Observações adicionais:

Se tomarmos \(B = \Sigma^{-\frac{1}{2}}\), então \(B\cdot B = \Sigma^{-1}\) e \(B \Sigma B^{T} = I\). Ademais, tomando \(\boldsymbol{a} = - \Sigma^{-\frac{1}{2}}\boldsymbol{\mu}\), temos que \[ \boldsymbol{Y} = \Sigma^{-\frac{1}{2}} \boldsymbol{X} - \Sigma^{-\frac{1}{2}}\boldsymbol{\mu} = \Sigma^{-\frac{1}{2}}(\boldsymbol{X} - \boldsymbol{\mu}) \sim N_d(0,I) \]

Como \(\Sigma\) é uma matriz quadrada simétrica e positiva definida, todos seus autovalores são estritamente positivas. Logo, \[ \Sigma = \Gamma \Lambda \Gamma^T \] em que \(\Gamma\) é a matriz diagonal de autovetores de \(\Sigma\) e \(\Lambda\) é a matriz diagonal de autovalores de \(\Sigma\).

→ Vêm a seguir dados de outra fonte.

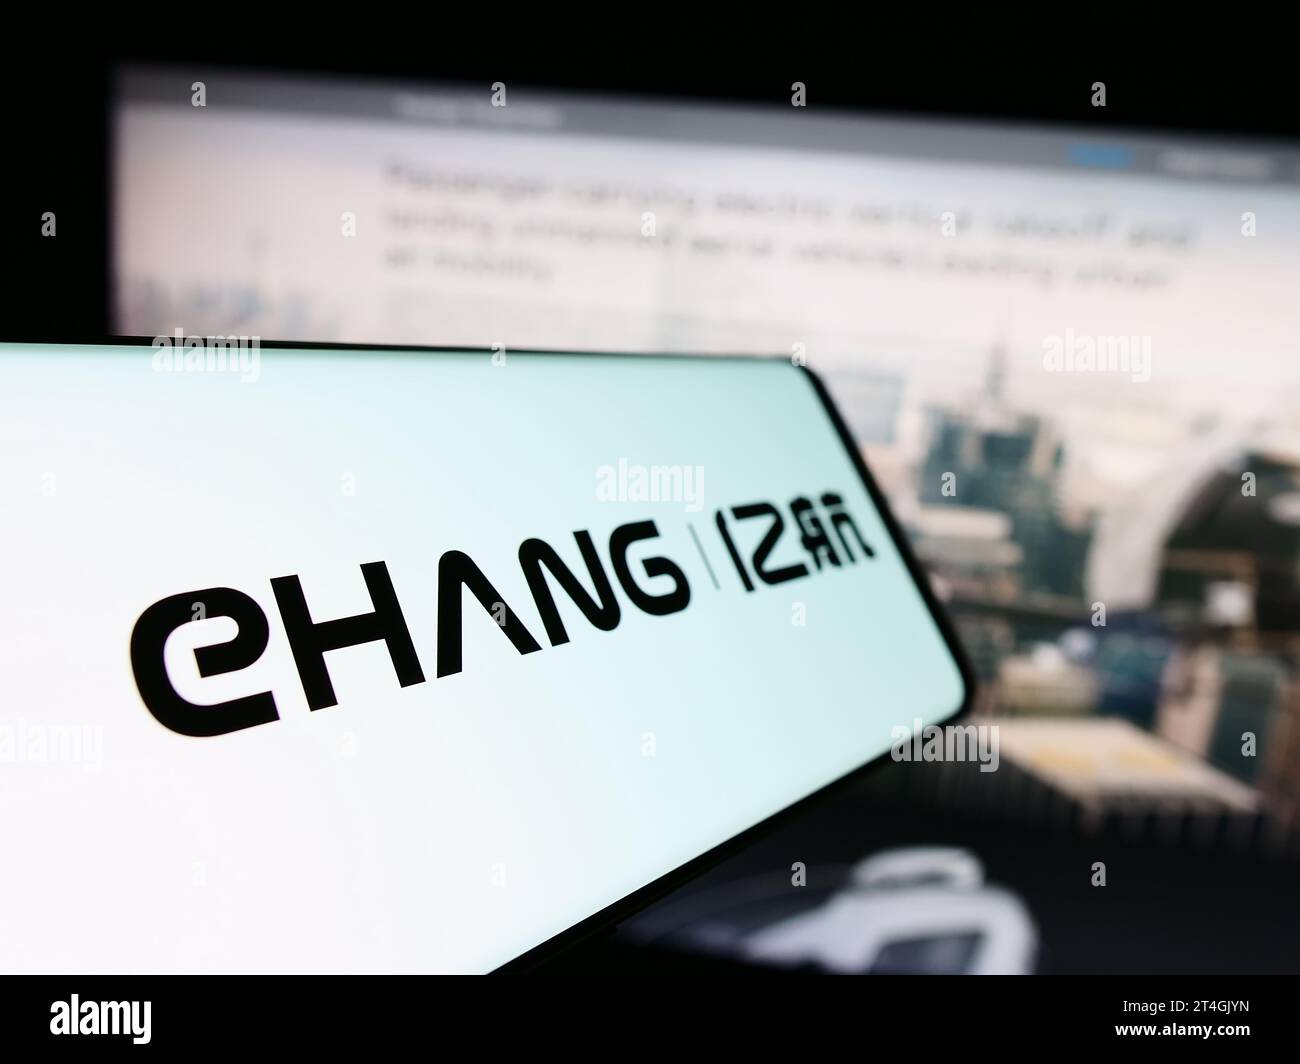 Mobile phone with logo of Chinese aviation company EHang Holdings Limited in front of business website. Focus on center-left of phone display. Stock Photo

Pode-se mostrar que \(\Sigma^{-1} = \Gamma \Lambda^{-1}\Gamma^T\) e \(\Sigma^{-\frac{1}{2}} = \Gamma \Lambda^{-\frac{1}{2}}\Gamma^T\) em que \[ \Lambda^k = \begin{bmatrix} \lambda_1^k & 0 & \dots & 0 \\ 0 & \lambda_2^k & \dots & 0 \\ \vdots & \vdots & \ddots & \vdots \\ 0 & \dots & 0 & \lambda_d^k\\ \end{bmatrix} \]

Note ainda que \[ \lvert \Sigma \rvert = \lvert \Gamma \Lambda \Gamma^T \rvert = \lvert \Lambda \Gamma^T \Gamma \rvert \] como \(\Gamma^T \Gamma = I\), \[ \lvert \Sigma \rvert = \lvert \Lambda \rvert = \prod^d_{i=1} \lambda_i \]

Além disso, \[ \mathrm{tr}\{\Sigma\} = \mathrm{tr}\{\Gamma \Lambda \Gamma^T\} = \mathrm{tr}\{\Lambda\Gamma^T\Gamma\} = \mathrm{tr}\{\Lambda\} = \sum^d_{i=1} \lambda_i \]

Obs 7: Normais marginais

Se \(\boldsymbol{X} \sim N_d(\boldsymbol{\mu}, \Sigma)\), então \(X_i \sim N(\mu_i, \sigma_{ii}), i = 1,\dots d\)

Demonstração:

Tomando \(\boldsymbol{a} = 0\) e \(B_i = (0 \dots 1 \dots 0)\) (\(1\) na \(i\)-ésima posição), temos que \[ a + B_i \boldsymbol{X} = X_i \sim N_1(\mu_i, \sigma_{ii}) \] pelo resultado 6. Note que \[ B_i \Sigma B^T_i = \sigma_{ii}. \]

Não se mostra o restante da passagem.